Look up the website shrink4men.com and get some real advice for dealing with high conflict ex wives. You need more knowledge about them.
Excellent Advice!
Exactly this, 100%
Well done for handling it all
Well done for handling it all so far, but I was dismayed to hear you are considering letting SD back in your home - please don't! At least not for a few years. As others suggested, it will push BM's buttons when you wed her ex, and she will redouble her efforts to cause you both pain, probably by inciting her daughter to make fresh allegations. Something similar happened when I married DH - NPD BM manufactured a crisis with her then boyfriend and tried to disrupt our wedding.
Please consider my words.
Please consider my words.
Your SD and her BM deliberately filed a false report that could've lost you your children, your home and your way of life. Repeat that ever time you waver. Because it will happen again and now there is a 'case' w/ your name on it. Which means if/when they lie again it will be a pattern, a pattern w/ you as the abusing party.
SD deliberately lied.
BM deliberately lied.
and now they want you to have her in your home, ready to lie about you or your kids again? she gets grounded - she will lie about you. She gets jealous - she will lie about you. Daddy doesn't buy/give/do what they want - THEY WILL LIE AGAIN.
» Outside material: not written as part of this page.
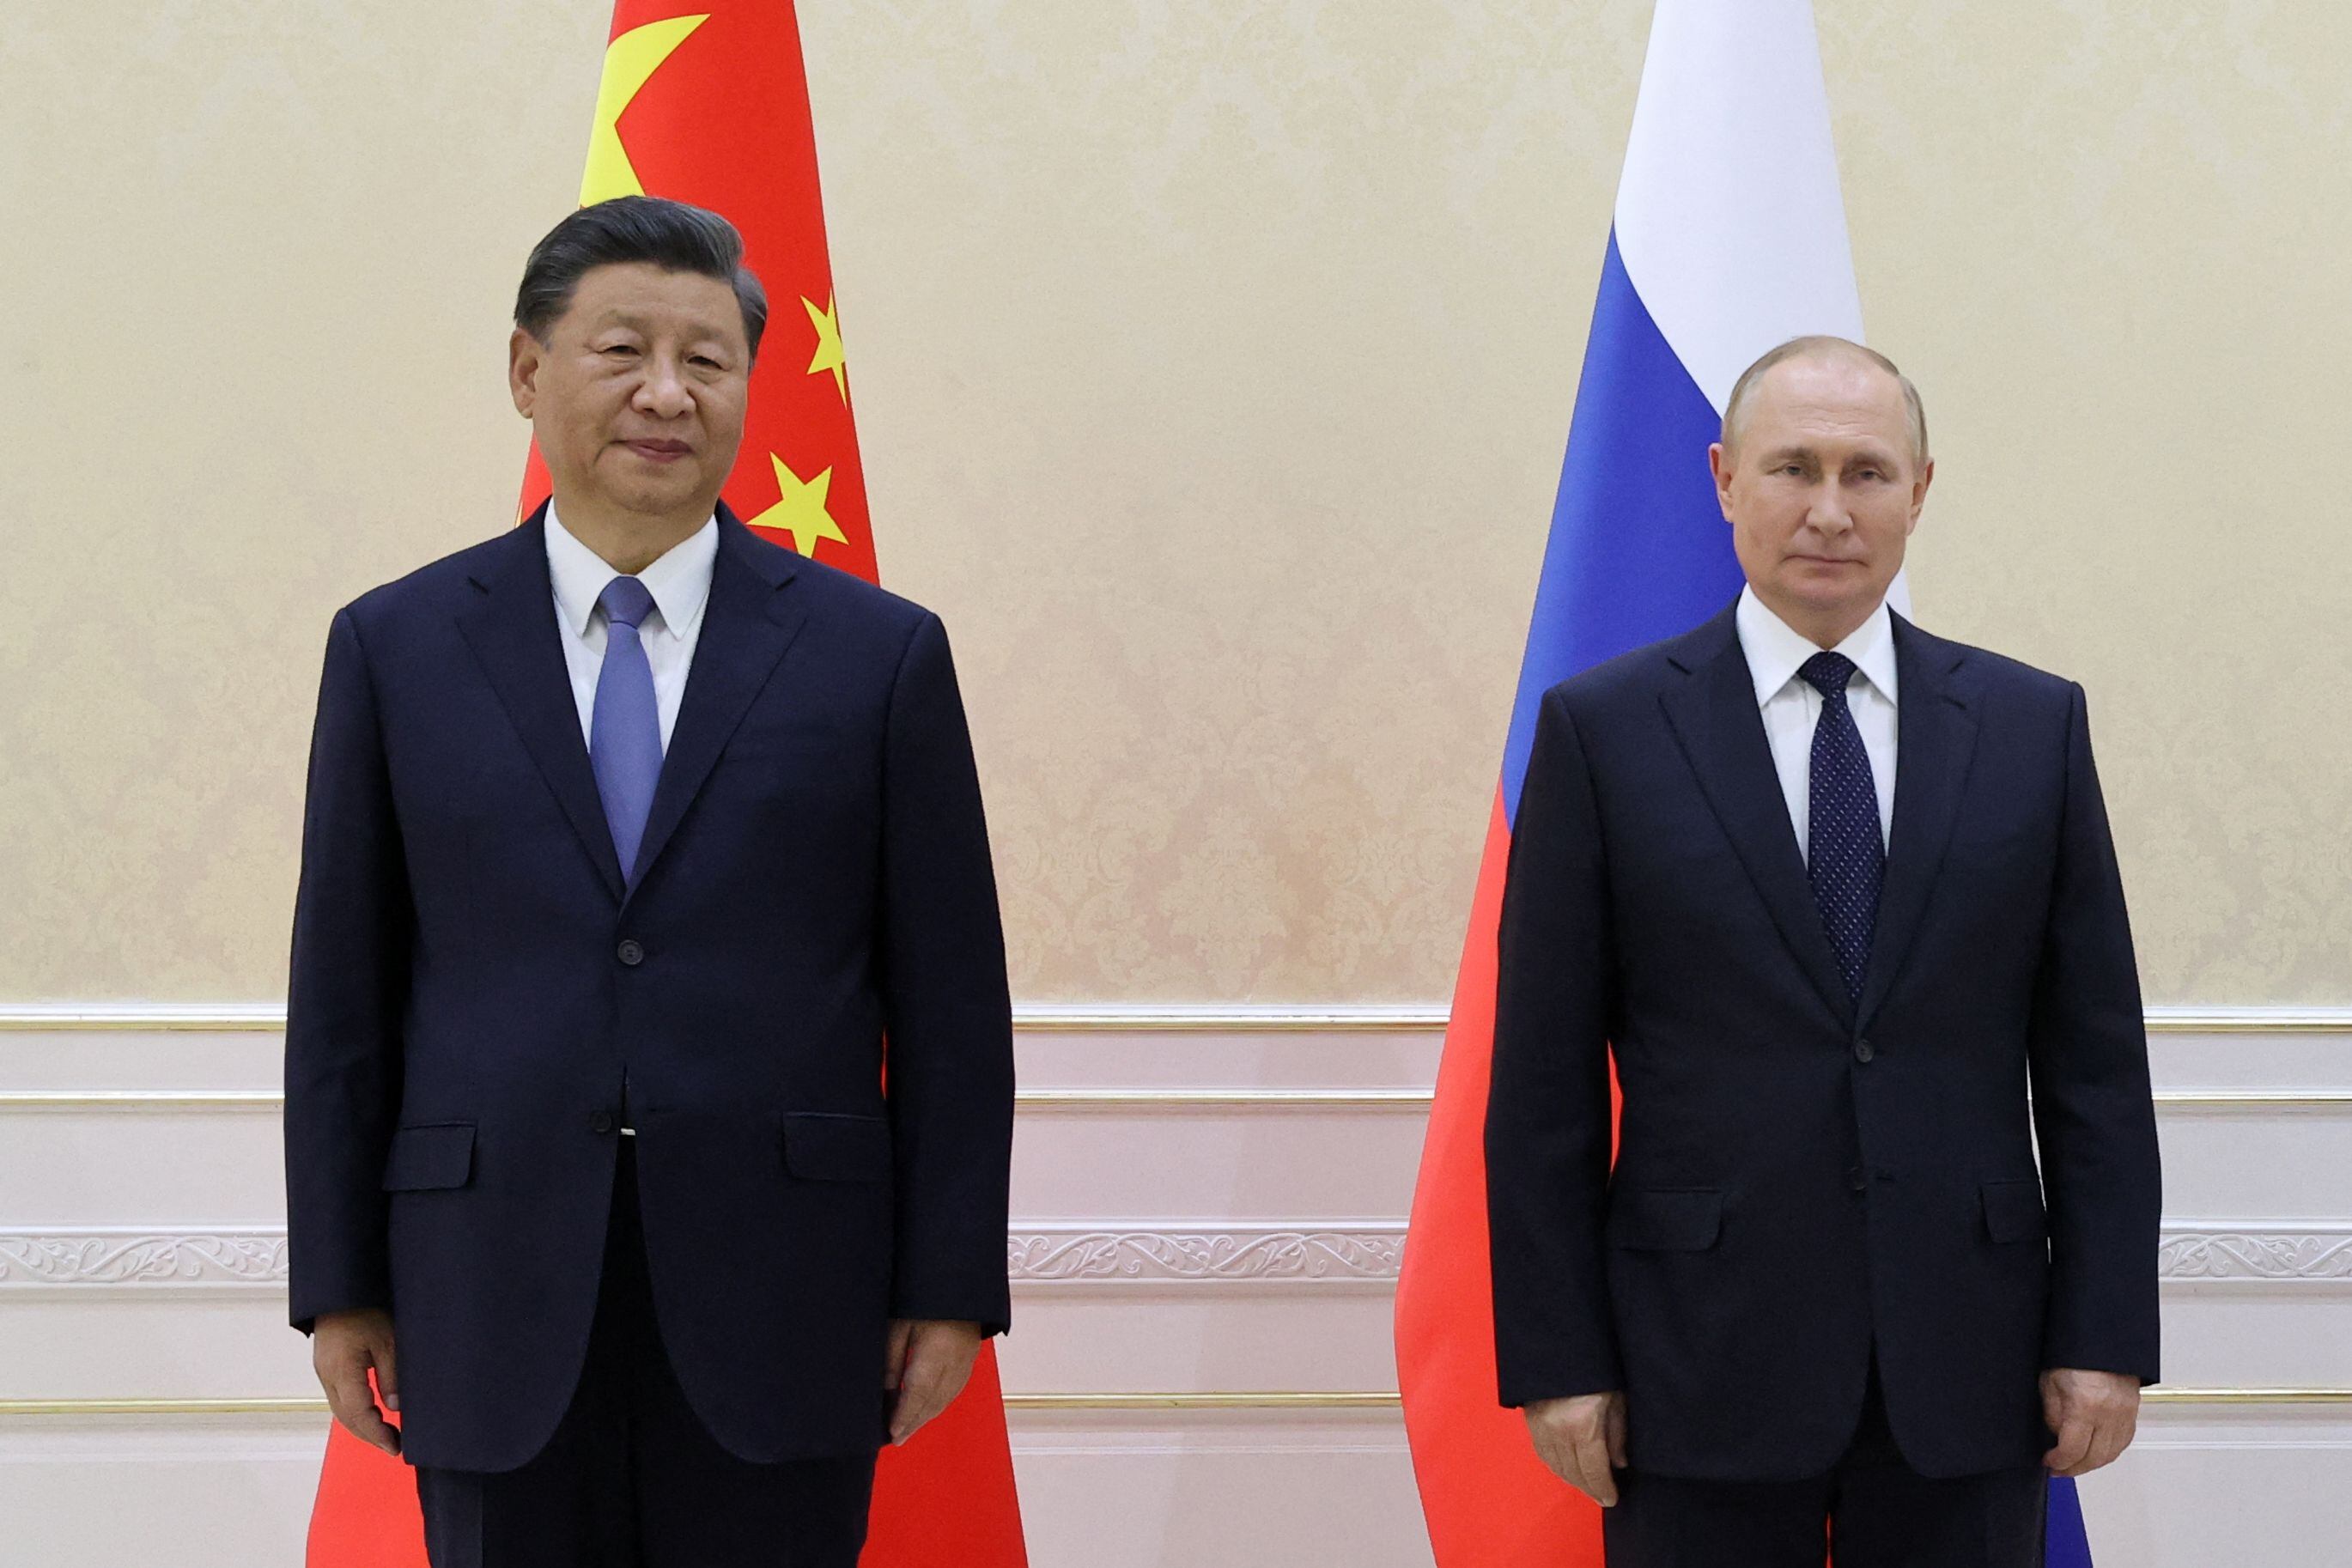 Ambos presidentes se felicitaron de sus relaciones como grandes potencias como un contrapeso a Occidente.

clean out her room, ship back her crap, all of it. Daddy can figure this out but you need to be clear, that little liar who willingly might've caused you to lose everything, cannot be trusted to be in your home.
Do not let SD back to your
Do not let SD back to your home unless you want for your entire life to be ruined. Because that is what will happen.
The first step is therapy.
The first step is therapy. Ideally your sd should have some individual therapy. Then some family therapy perhaps initially just with her dad and then you brought in.
This way it enables you to see if you can rebuild a relationship with her where you can trust her word. It will hopefully help her to reframe things in her mind if she has been manipulated into misremembering or misunderstanding the situation that led to her allegations.
If therapy goes well then maybe you can consider more supervised contact with her and eventually an overnight visit with cameras in your home.
I would not leave it years to try to rebuild this relationship, I think that is a recipie for resentments and misunderstandings to build substantially.
At the end of the day she is 8. I would give your relationship with her the opportunity to become positive again. Cautiously, slowly, with advice from professionals, but still starting that process sooner rather than later.